The advances in high-throughput sequencing technologies and growth in data sizes has highlighted the need for scalable tools to perform quality assurance testing. These tests are necessary to ensure that data is of a minimum necessary standard for use in downstream analysis. In this paper we present the SAMQA tool to rapidly and robustly identify errors in population-scale sequence data.
SAMQA has been used on samples from three separate sets of cancer genome data from The Cancer Genome Atlas (TCGA) project. Using technical standards provided by the SAM specification and biological standards defined by researchers, we have classified errors in these sequence data sets relative to individual reads within a sample. Due to an observed linearithmic speedup through the use of a high-performance computing (HPC) framework for the majority of tasks, poor quality data was identified prior to secondary analysis in significantly less time on the HPC framework than the same data run using alternative parallelization strategies on a single server.
The SAMQA toolset validates a minimum set of data quality standards across whole-genome and exome sequences. It is tuned to run on a high-performance computational framework, enabling QA across hundreds gigabytes of samples regardless of coverage or sample type.
The growth in high-throughput sequencing means that there is a need for standardized, robust and scalable tools to perform quality assurance tests on the resulting data. The QA tools need to be extensible and are required to do more than check for instrument specific problems. The tools need to be able to check for both adherence to known standards and also to identify problems that may have arisen in sample preparation.
This paper introduces such a tool, built for analysis of data from The Cancer Genome Atlas (TCGA). This is the largest cancer genomics study to date, characterizing thousands of patients across 20 different cancers. The potential to discover new mechanisms and therapeutics from such a large-scale project is hugely important to the cancer community. However, the scale of the genomic data being generated by TCGA alone has already outpaced gains in computational power (associated with Moore's Law) making available analysis tools unusable on standard hardware. New sequencing technologies and the increasing interest in population-scale genomic analysis will only exacerbate the computational problems. Within low-throughput genomic data many errors can be characterized simply using the Sequence Alignment/Map (SAM) specification  and tools are available for reading and manipulation of sequence files. However, as the size and scale of genomic data increases these tools often struggle to perform at the necessary speeds (or at all). SAMQA provides quality checking using a high-performance computing framework to quickly and automatically capture and report errors across population-scale data. SAMQA has been designed to use the latest advances in high performance computing to ensure it is able to scale from gigabytes to petabytes of genome sequences regardless of sequencing platform, depth of coverage or data type.

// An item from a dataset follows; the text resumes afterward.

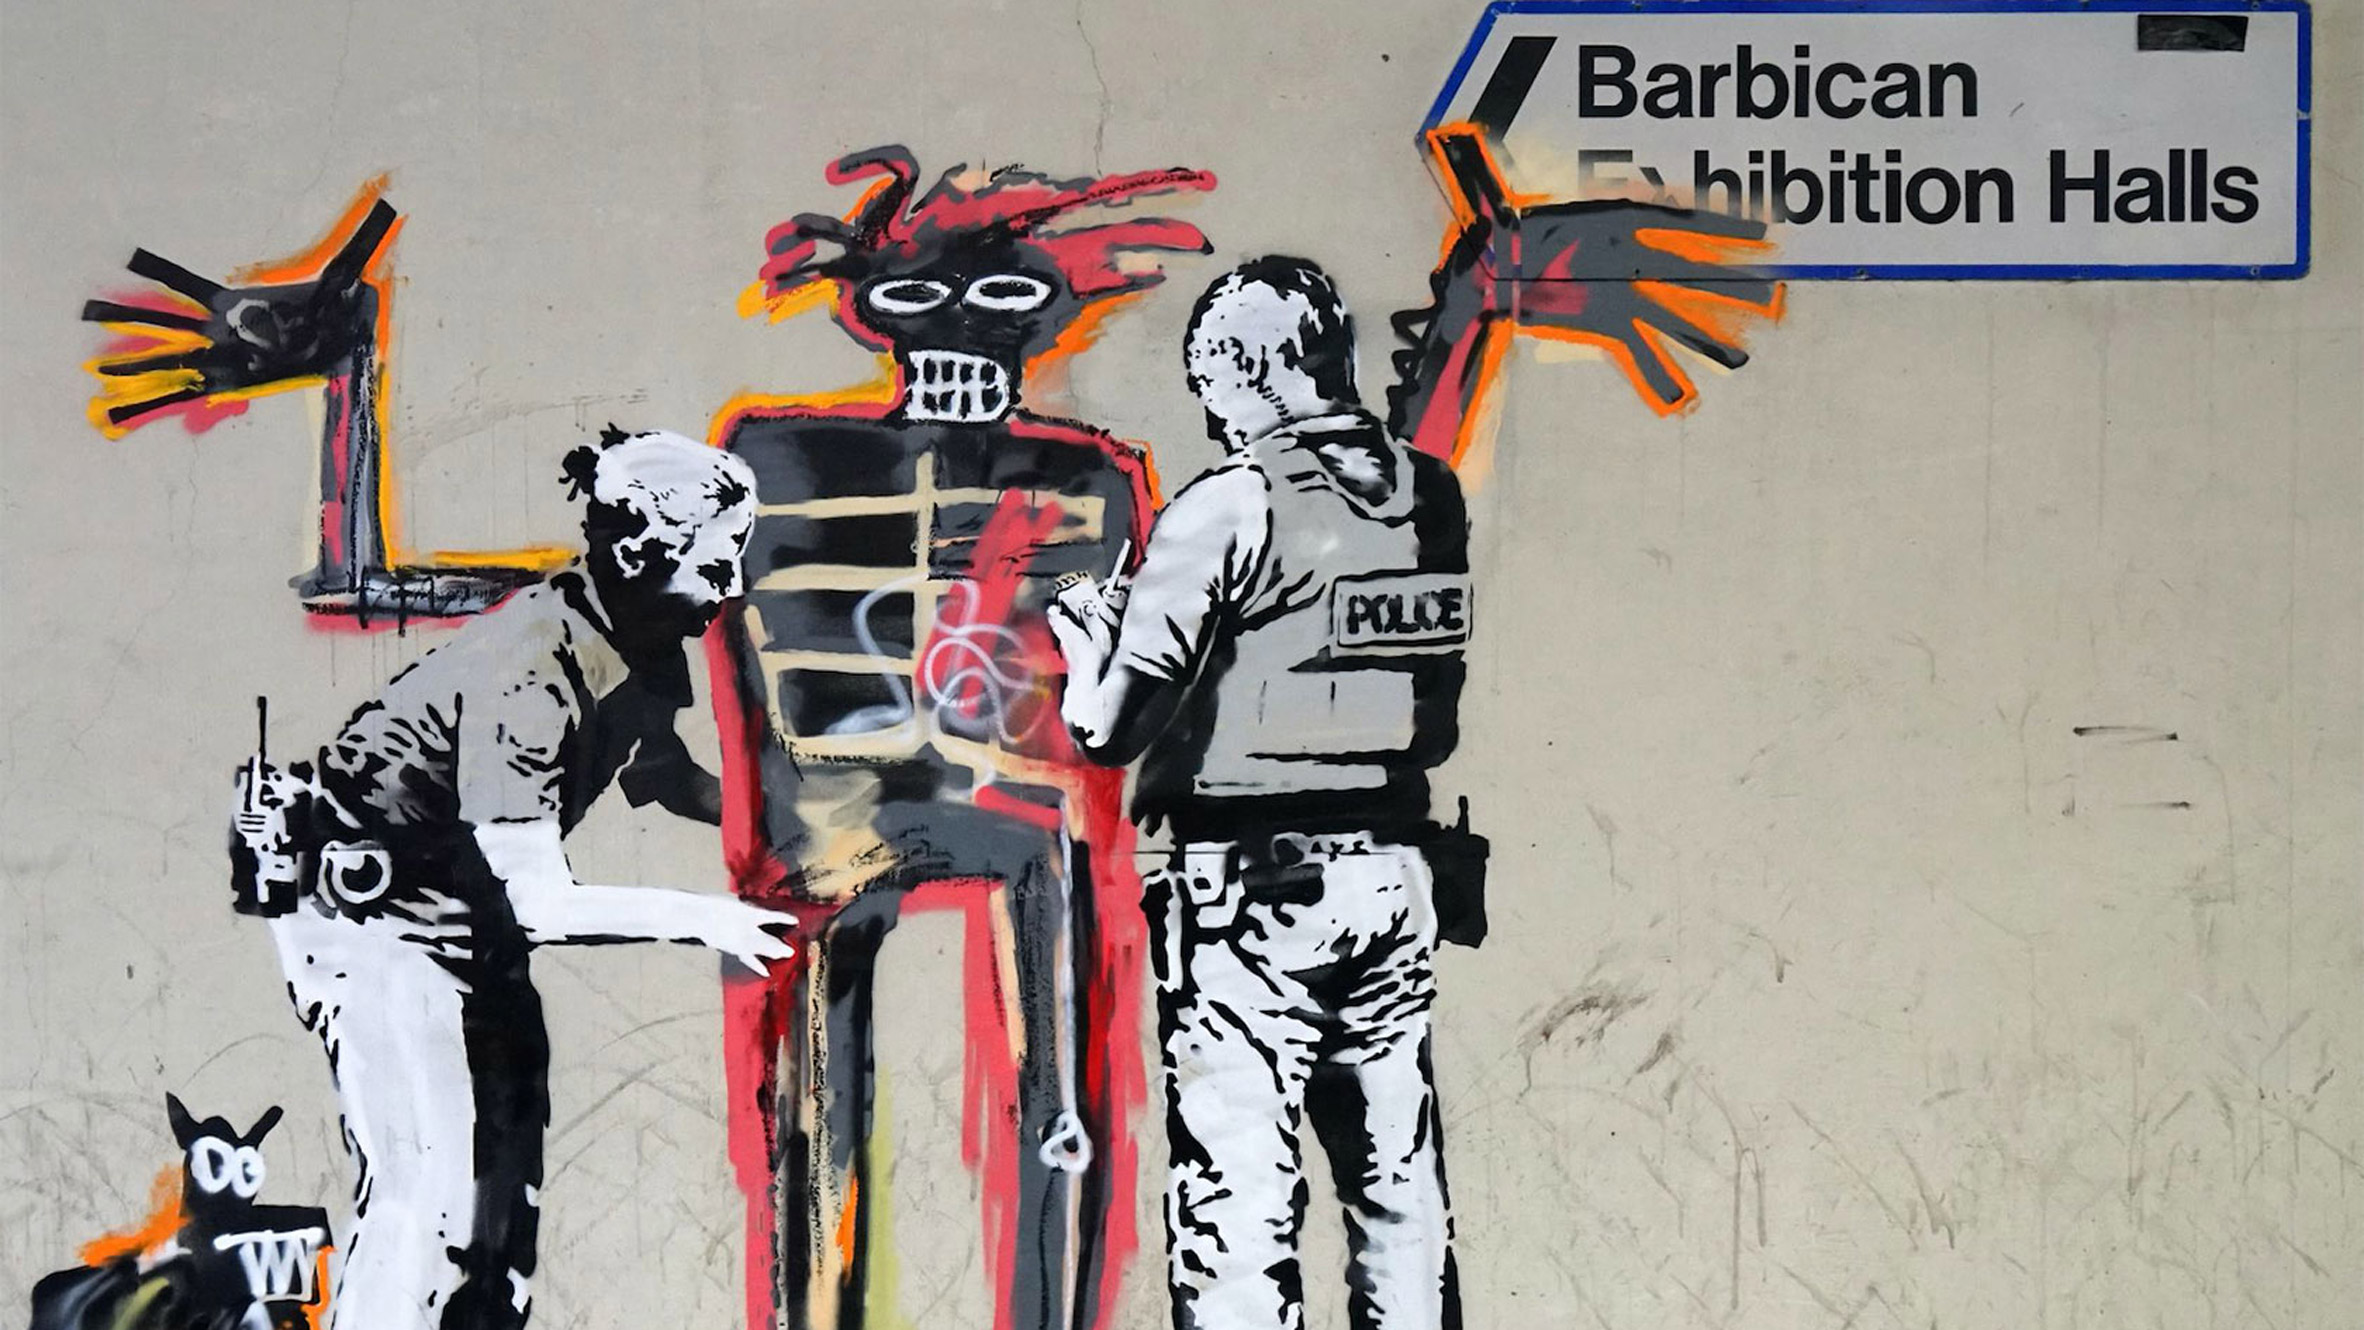 Banksy artworks appear on barbican walls ahead of basquiat exhibition

An important step in the analysis of these large-scale genomic data is verification of a minimum standard of quality. With large scale sequencing projects there are a number of data quality issues that must be addressed, as biases are introduced at multiple levels. In population-level investigations data can significantly influence secondary analysis , especially when looking at cancer data where genomic variation is high and largely uncharacterized. Within TCGA alone, issues affecting the quality of sequence data range from sample collection to selection of sequence alignment tools:
• Biological sample collection. Despite the use of standard clinical methods and procedures, the samples may lack consistent purity  resulting in highly variable data within the population.
• Laboratory methods. Coverage discrepancies can result from the use of specific genome amplification methods  (e.g. GenomiPhi, Repli-G, PCR), potentially differentially representing areas of the genome.
• Instrumentation bias. Sequencing instruments are known to introduce specific anomalies, from Illumina's G-C bias  to the 454 Life Sciences  errors in regions that vary too much from the reference sequence.
• Bioinformatics. Multiple tools and tool versions are available to align reads to a reference genome. Within TCGA versions of BWA , Bowtie , GATK , Maq , and BFAST  are all used for sequence alignment. This results in data with a variety of computational errors as reads are matched and scored.
The next section discusses the types of tests that SAMQA uses to identify technical errors in the structure of the sequenced read data and biological errors which are assessed by extracting features which correspond to likely anomalies from the data. The Results section introduces how the high-performance computing system has been designed to scale to the required level. The Results section gives an example QA analysis that was undertaken across approximately 400 genome files.
When attempting to classify anomalous data sets, we must begin with the question, "What constitutes an anomaly?" This is a difficult question to answer when we expect our data sets to be highly divergent as: the samples can be gathered from different cohorts and populations; they typically will contain a high number of polymorphisms and structural variations which differ from the references sequence(s); and they often contain batch effects due to sample collection and instrumentation differences.
Our approach has been to classify anomalies in sequence data sets relative to individual reads within a sample. The detection of these can be completely automated through the use of technical specifications, and allow for the inclusion of a level of data and biologically specific tests which require expert input.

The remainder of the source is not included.